As a second sharing, I mean to refer here to writing that I've come across, and alert my readers to other books and authors that I've enjoyed. A number of bloggers already do this; I'm glad to join those ranks. I'll be writing across time, because I so frequently return to the books that I read many years ago and find fresh rewards there.

I also want to highlight new gifts from established authors; currently I have the thrill of reading Joyce Carol Oates. Her new novel, "The Gravedigger's Daughter," has, I understand, some family background to it. The writing, as ever, is as strong as gunmetal (I simply can't have read every novel and short story of her immense output - but I have read a great deal of it). Her characters are immediate and lasting; they remind me of the people in Italian mediaeval paintings - meaning that you expect to see them or their recognisable descendants on the streets of the towns she writes about. I have heard that, in Princeton, she is a beloved teacher. Not surprising; over and above her considerable writerly gifts there is a generosity in the work, a kindness, that takes the breath away; like all great writers she loves the humanity she discusses.

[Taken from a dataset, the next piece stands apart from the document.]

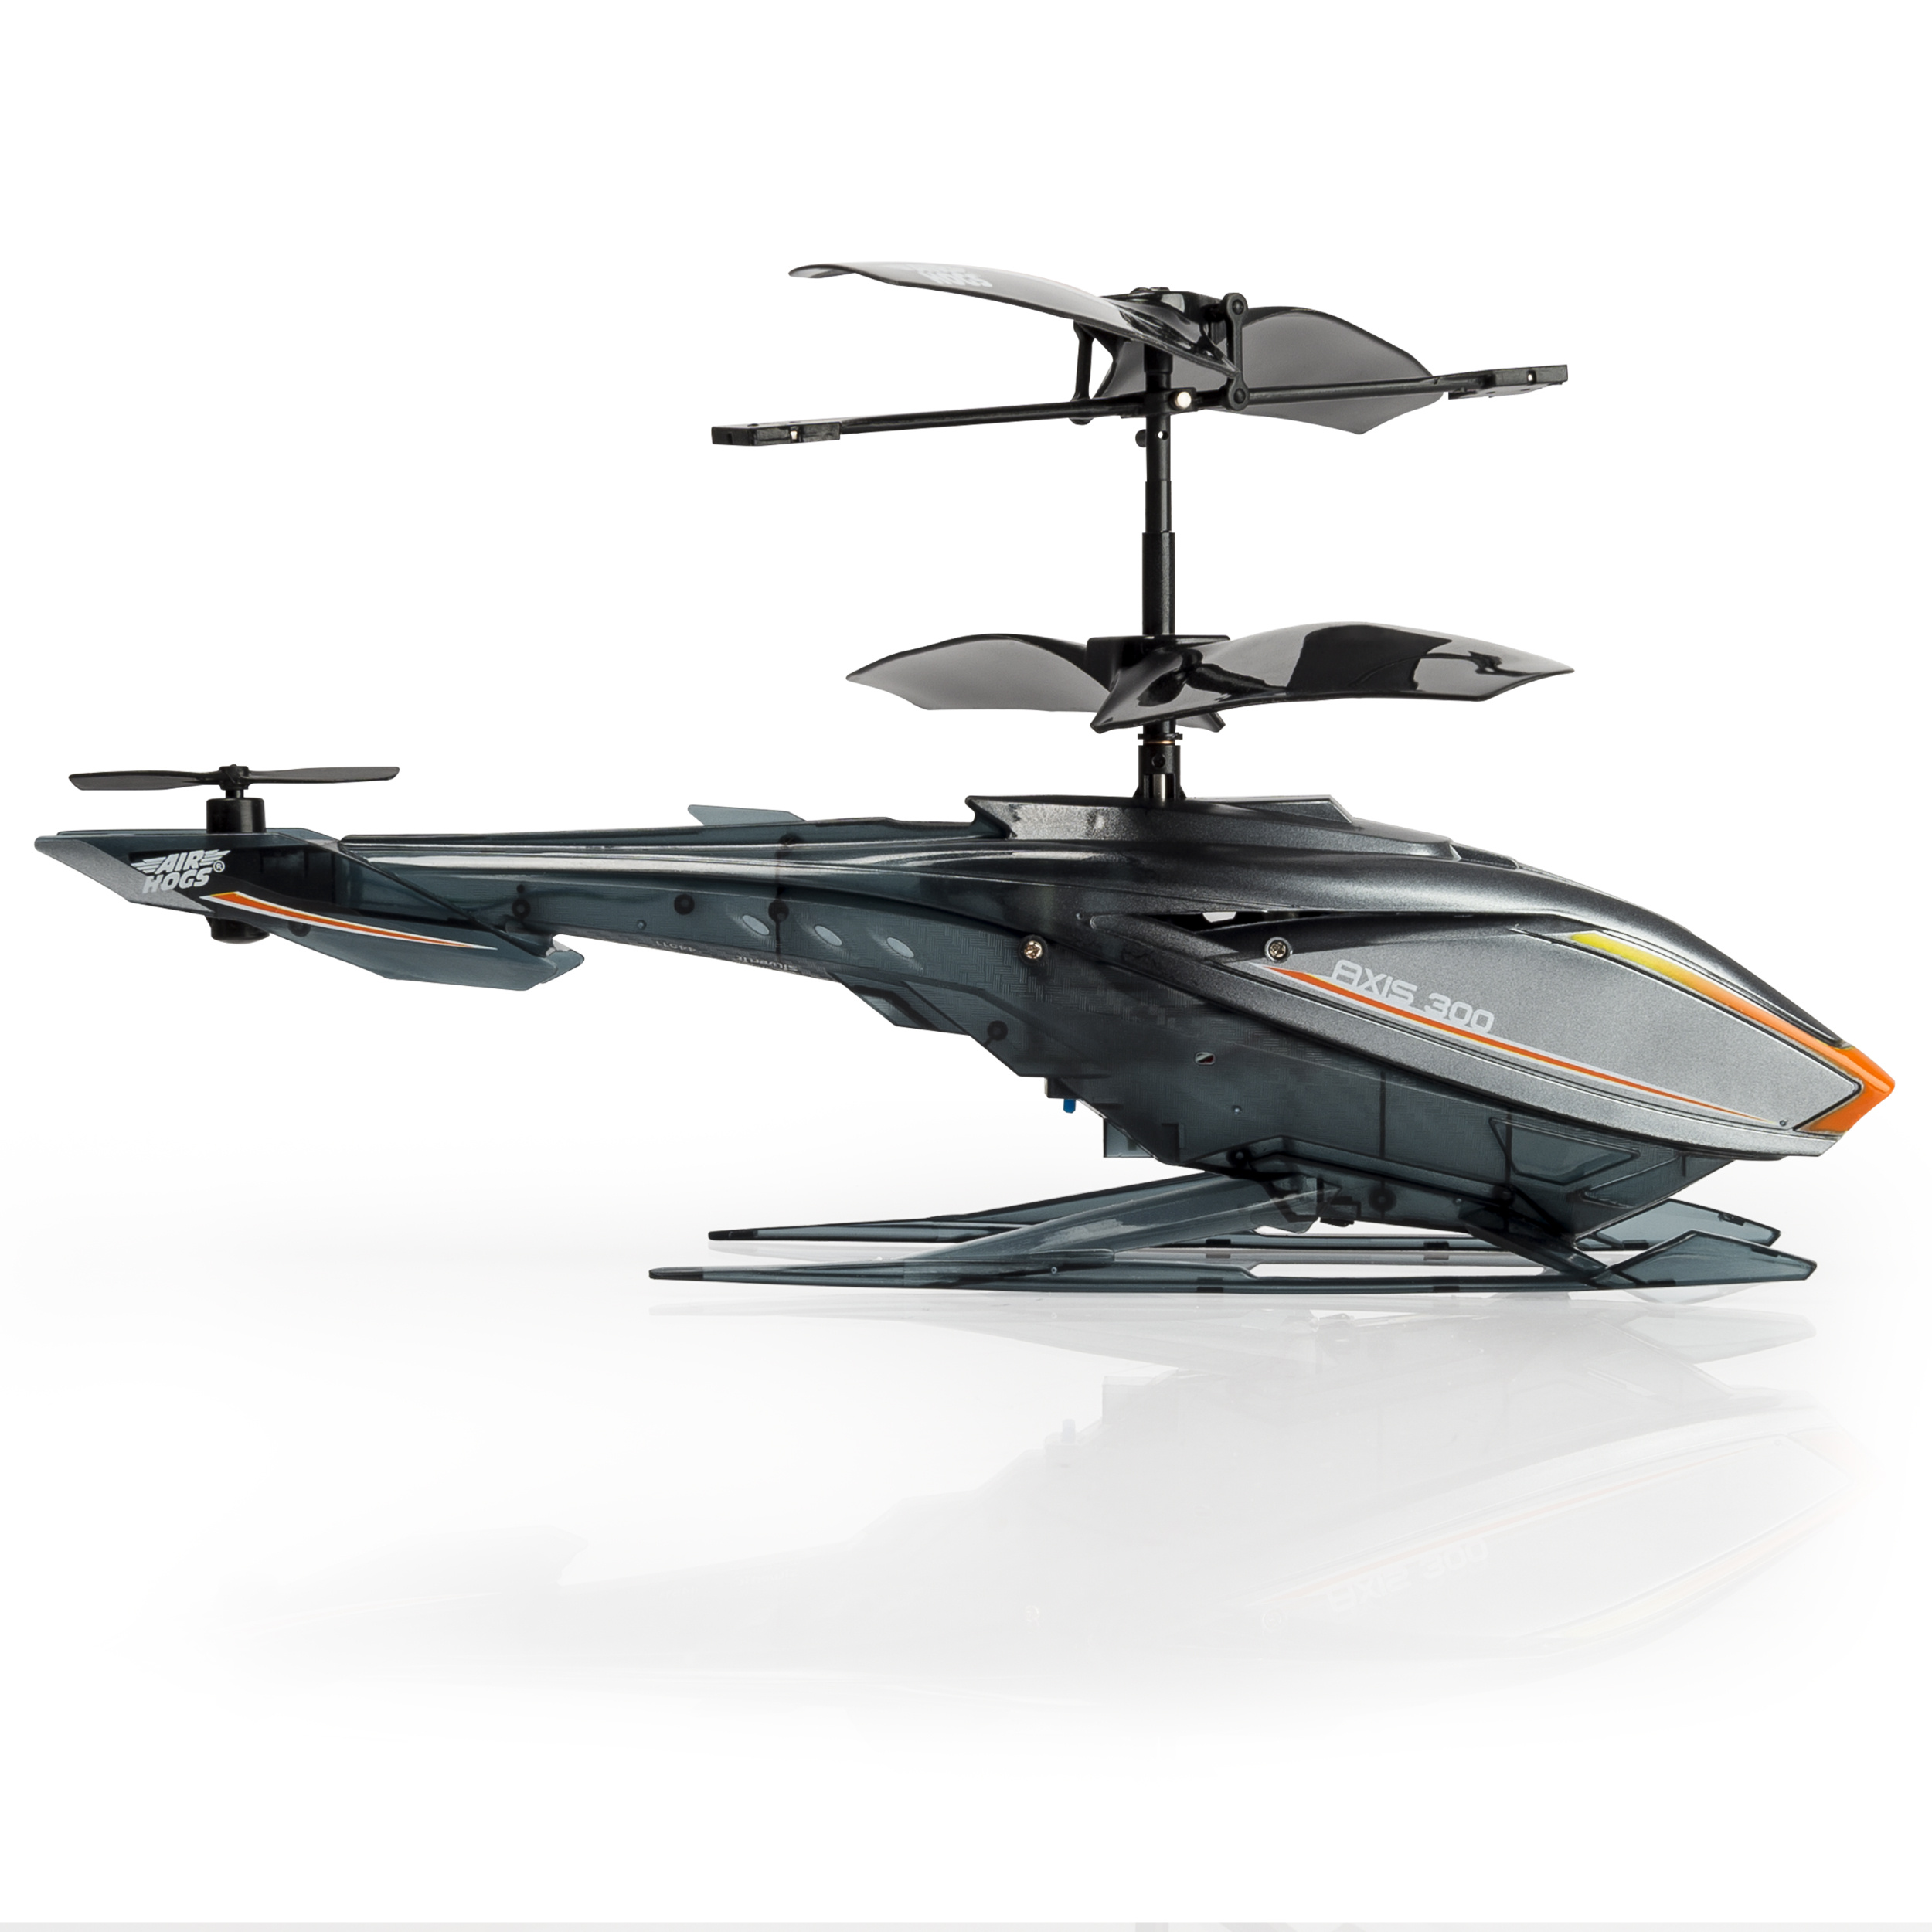 Air Hogs RC Axis 300X, Gray R/C Helicopter with Batteries - image 3 of 6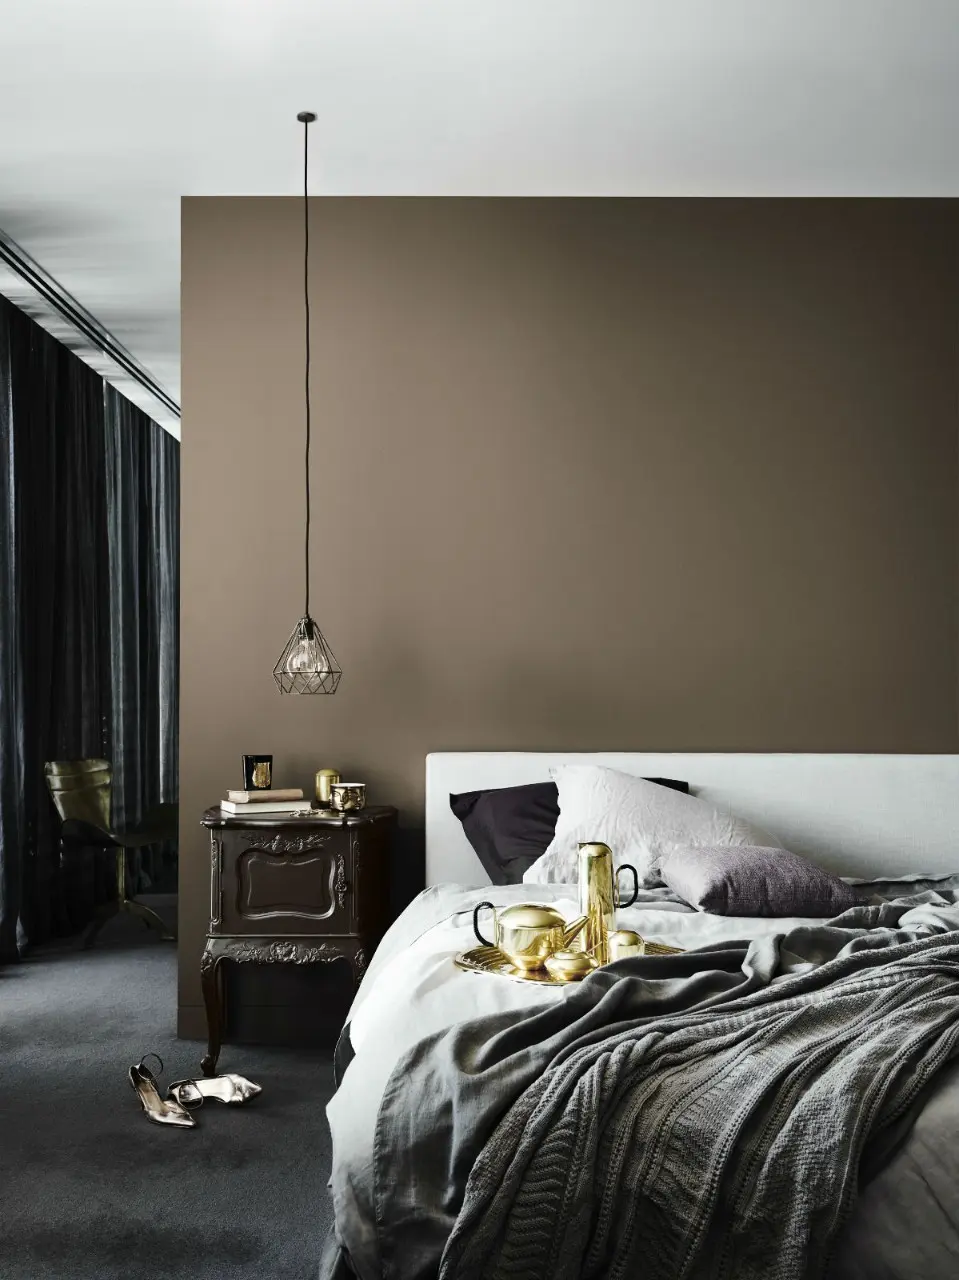 Bedroom with brown wall and hanging pendant light

A just world would give her the next Nobel Literature Prize.

Thirdly, I want to exercise my delight in words. In West Cork, Fish Publishing runs a Literary Festival every year, with Irish writers and others. It's as tight and sweet as a nut, and their courtesy makes it a pleasure to appear there. En route in July, I drove through Bandon and recalled a conversation I had with a woman in Minneapolis a few years back, who said that her Irish grandmother referred to her as "a little dote" and she wanted to know if I knew the word. My next novel, "Tipperary" (to be published early November) has some real-life characters in its pages - among them Lady Bandon, known as "Doty" to her friends. Could it be that she had been "Dotty" from "Dorothy"? Or was "Doty" a childhood pet name, common in Ireland in my childhood?

Dr. Terry Dolan of University College, Dublin, in his (essential to me) Dictionary of Hiberno-English, gives "dote" as "a term of endearment, especially for a child," and "an appetising infant or young child." Professor Dolan also cites some Old Dutch and Middle English root, meaning "silly" or "deranged." I think I'll walk quickly past that - although Lady Bandon was by all accounts sweetly eccentric.

Well, there it is; a silence broken is a weight off the mind. I mean to have this Notebook appear on the first of every month. And I mean to try and keep it close to a thousand words per entry. Perhaps those two disciplines will also help me watch out for any strutting.